Study material
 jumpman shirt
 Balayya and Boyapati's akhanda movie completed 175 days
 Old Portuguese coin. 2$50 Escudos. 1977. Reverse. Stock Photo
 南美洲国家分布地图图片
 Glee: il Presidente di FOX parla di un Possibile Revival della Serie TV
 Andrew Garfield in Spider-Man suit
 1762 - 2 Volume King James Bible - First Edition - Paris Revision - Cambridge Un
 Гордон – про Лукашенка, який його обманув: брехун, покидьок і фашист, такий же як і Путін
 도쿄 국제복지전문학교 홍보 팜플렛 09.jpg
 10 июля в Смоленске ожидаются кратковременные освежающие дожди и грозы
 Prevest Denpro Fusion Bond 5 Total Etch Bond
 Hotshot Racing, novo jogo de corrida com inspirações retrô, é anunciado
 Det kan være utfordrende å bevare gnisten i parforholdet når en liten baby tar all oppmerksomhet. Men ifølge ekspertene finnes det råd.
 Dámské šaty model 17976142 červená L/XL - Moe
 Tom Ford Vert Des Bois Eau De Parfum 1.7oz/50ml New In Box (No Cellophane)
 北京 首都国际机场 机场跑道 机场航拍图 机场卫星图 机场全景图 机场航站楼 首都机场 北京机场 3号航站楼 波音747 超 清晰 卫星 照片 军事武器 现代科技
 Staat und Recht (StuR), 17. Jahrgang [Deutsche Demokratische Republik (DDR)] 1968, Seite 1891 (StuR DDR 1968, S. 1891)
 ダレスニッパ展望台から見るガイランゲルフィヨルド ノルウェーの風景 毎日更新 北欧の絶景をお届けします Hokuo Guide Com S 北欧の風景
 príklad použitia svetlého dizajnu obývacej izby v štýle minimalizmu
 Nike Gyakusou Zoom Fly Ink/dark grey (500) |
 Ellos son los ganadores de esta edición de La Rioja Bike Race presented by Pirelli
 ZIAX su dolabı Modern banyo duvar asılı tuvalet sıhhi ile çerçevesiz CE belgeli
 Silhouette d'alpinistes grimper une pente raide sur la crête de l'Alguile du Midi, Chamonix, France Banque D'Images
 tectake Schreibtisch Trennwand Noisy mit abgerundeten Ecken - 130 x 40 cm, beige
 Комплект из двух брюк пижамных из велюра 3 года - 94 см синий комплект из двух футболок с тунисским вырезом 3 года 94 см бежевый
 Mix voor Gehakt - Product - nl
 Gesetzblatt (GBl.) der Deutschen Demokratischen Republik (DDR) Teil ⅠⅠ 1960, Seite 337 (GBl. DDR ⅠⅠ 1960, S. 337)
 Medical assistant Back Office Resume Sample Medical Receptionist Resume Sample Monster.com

Task prompt
Copy out the data shown above without altering anything.

Exercise result
 jumpman shirt
 Balayya and Boyapati's akhanda movie completed 175 days
 Old Portuguese coin. 2$50 Escudos. 1977. Reverse. Stock Photo
 南美洲国家分布地图图片
 Glee: il Presidente di FOX parla di un Possibile Revival della Serie TV
 Andrew Garfield in Spider-Man suit
 1762 - 2 Volume King James Bible - First Edition - Paris Revision - Cambridge Un
 Гордон – про Лукашенка, який його обманув: брехун, покидьок і фашист, такий же як і Путін
 도쿄 국제복지전문학교 홍보 팜플렛 09.jpg
 10 июля в Смоленске ожидаются кратковременные освежающие дожди и грозы
 Prevest Denpro Fusion Bond 5 Total Etch Bond
 Hotshot Racing, novo jogo de corrida com inspirações retrô, é anunciado
 Det kan være utfordrende å bevare gnisten i parforholdet når en liten baby tar all oppmerksomhet. Men ifølge ekspertene finnes det råd.
 Dámské šaty model 17976142 červená L/XL - Moe
 Tom Ford Vert Des Bois Eau De Parfum 1.7oz/50ml New In Box (No Cellophane)
 北京 首都国际机场 机场跑道 机场航拍图 机场卫星图 机场全景图 机场航站楼 首都机场 北京机场 3号航站楼 波音747 超 清晰 卫星 照片 军事武器 现代科技
 Staat und Recht (StuR), 17. Jahrgang [Deutsche Demokratische Republik (DDR)] 1968, Seite 1891 (StuR DDR 1968, S. 1891)
 ダレスニッパ展望台から見るガイランゲルフィヨルド ノルウェーの風景 毎日更新 北欧の絶景をお届けします Hokuo Guide Com S 北欧の風景
 príklad použitia svetlého dizajnu obývacej izby v štýle minimalizmu
 Nike Gyakusou Zoom Fly Ink/dark grey (500) |
 Ellos son los ganadores de esta edición de La Rioja Bike Race presented by Pirelli
 ZIAX su dolabı Modern banyo duvar asılı tuvalet sıhhi ile çerçevesiz CE belgeli
 Silhouette d'alpinistes grimper une pente raide sur la crête de l'Alguile du Midi, Chamonix, France Banque D'Images
 tectake Schreibtisch Trennwand Noisy mit abgerundeten Ecken - 130 x 40 cm, beige
 Комплект из двух брюк пижамных из велюра 3 года - 94 см синий комплект из двух футболок с тунисским вырезом 3 года 94 см бежевый
 Mix voor Gehakt - Product - nl
 Gesetzblatt (GBl.) der Deutschen Demokratischen Republik (DDR) Teil ⅠⅠ 1960, Seite 337 (GBl. DDR ⅠⅠ 1960, S. 337)
 Medical assistant Back Office Resume Sample Medical Receptionist Resume Sample Monster.com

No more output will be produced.